A gene therapy approach has the potential to impact the full spectrum of the disorder by targeting the underlying mechanism, yet Dravet syndrome is an exceptionally challenging target because the SCN1A gene exceeds the packaging capacity of AAV and targeting of a specific neuronal cell type, GABAergic inhibitory interneurons, is required. Encoded has designed an AAV therapeutic that targets the relevant cell type and upregulates endogenous SCN1A expression. Preclinical data demonstrating an ability to achieve both cell-selective targeting and upregulation was presented at the 22nd Annual Meeting of the American Society of Gene & Cell Therapy in Washington, D.C. in May.

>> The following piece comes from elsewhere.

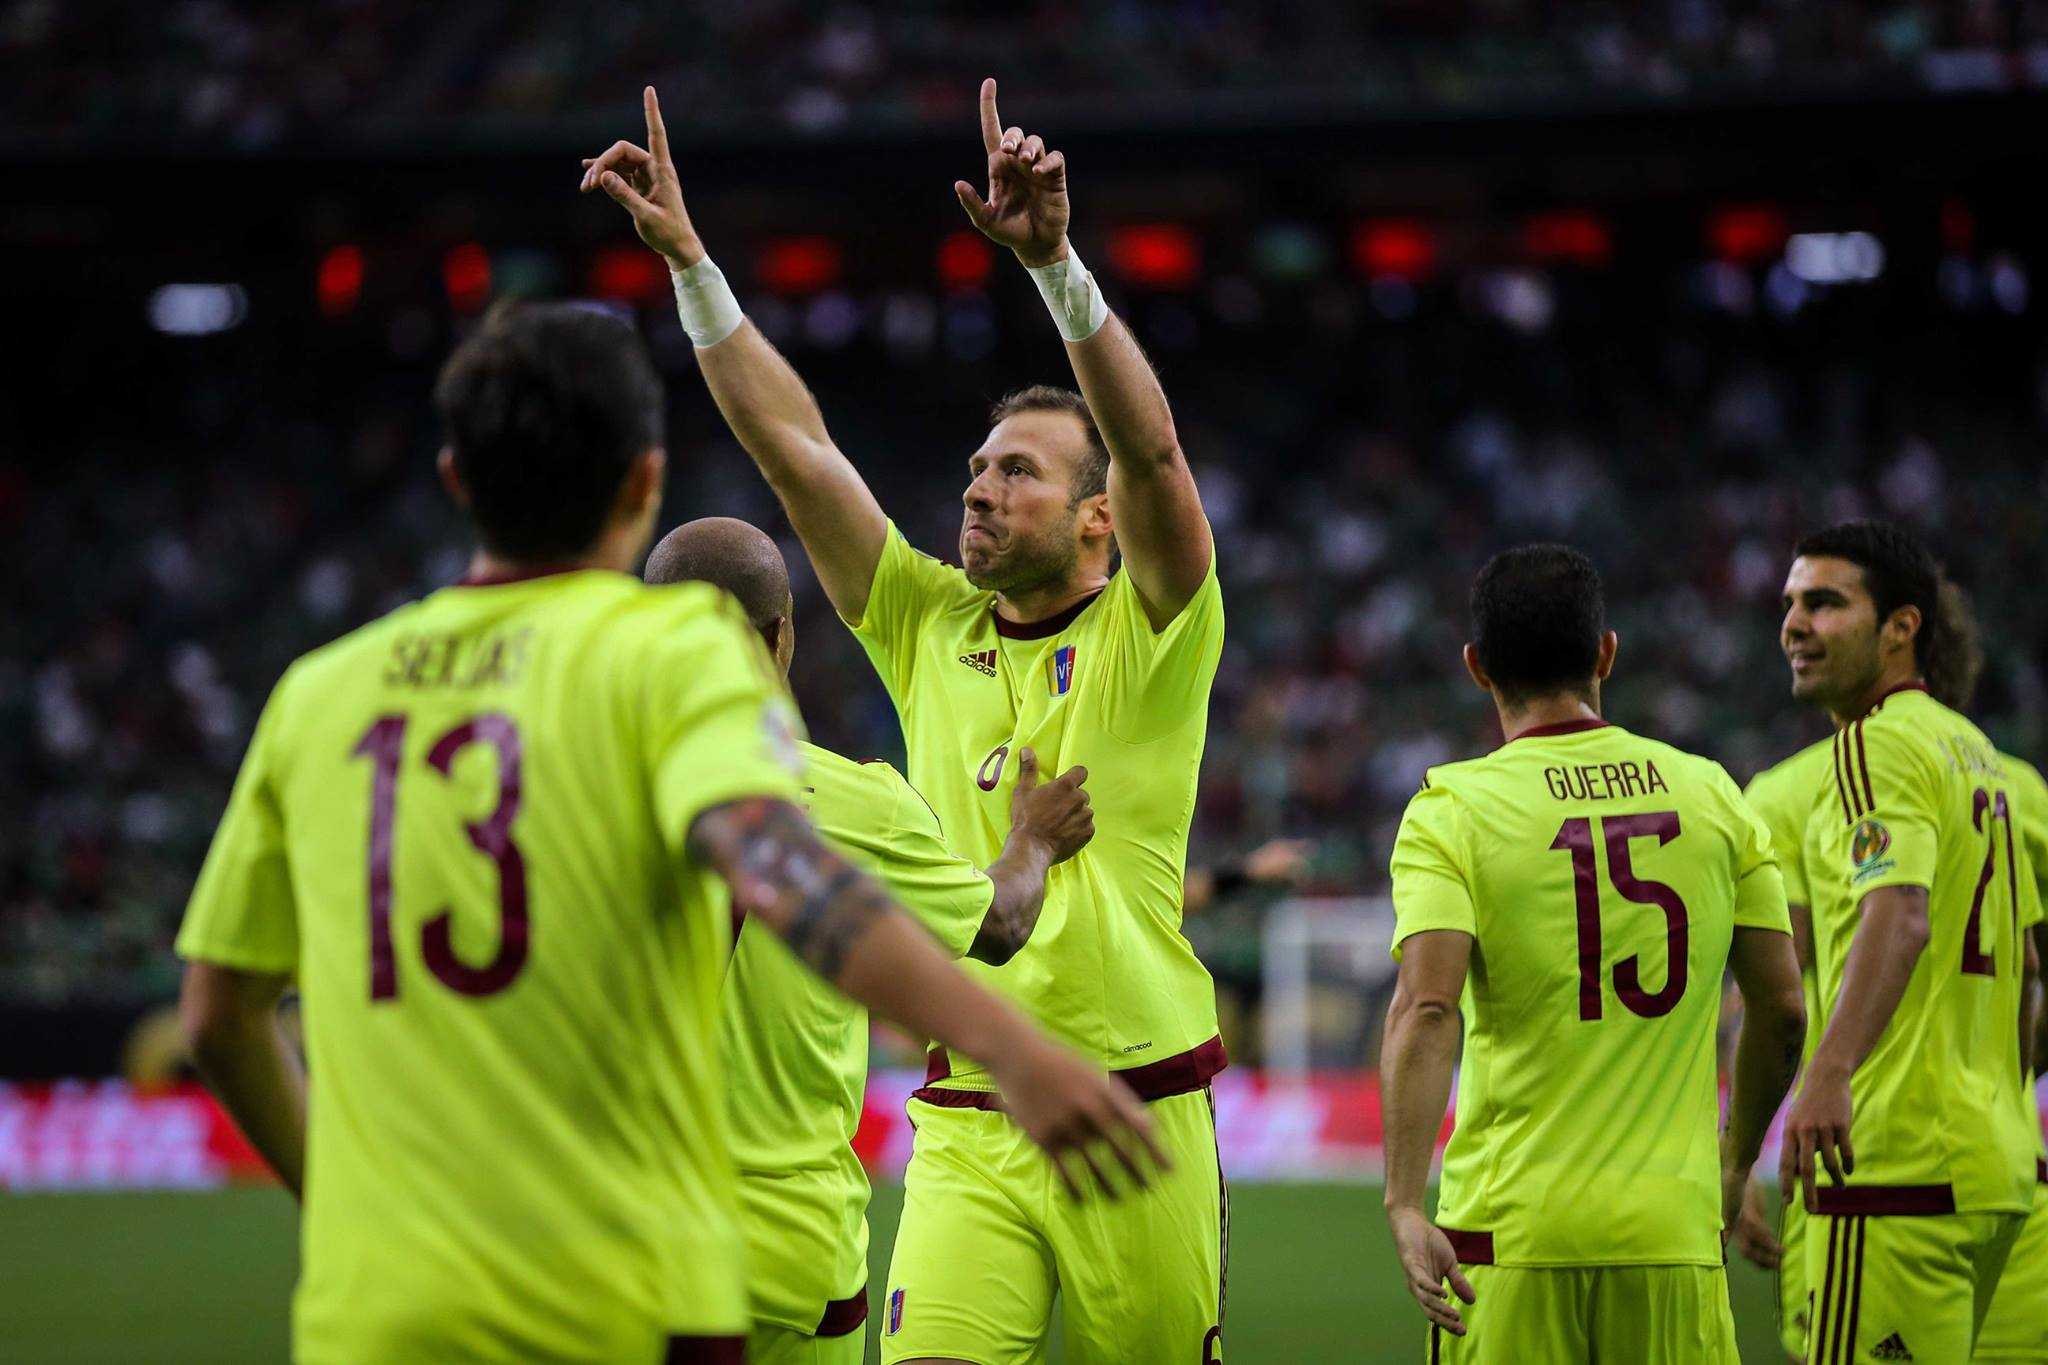 'Sema' celebra el momentáneo 1-0 ante México. foto prensa FVF

These data demonstrated that a single dose of Encoded’s gene therapy is capable of up-regulating SCN1A expression in GABAergic inhibitory interneurons. Dravet mice treated with Encoded’s gene therapy exhibited a significant improvement in sensitivity to hyperthermic seizures. When observed for sudden unexpected death in epilepsy over a 10 month period, gene therapy-treated Dravet mice were indistinguishable from wild-type mice, whereas control-treated Dravet mice experienced approximately 50 percent mortality in that time.

Another preclinical biotech, Stoke Therapeutics is using a different approach to address gene therapy’s limitations by regulating the messenger RNA to make more of protein lacking in Dravet syndrome patients. It recently raised $142 million in an IPO to advance its lead candidate for the disorder into human trials.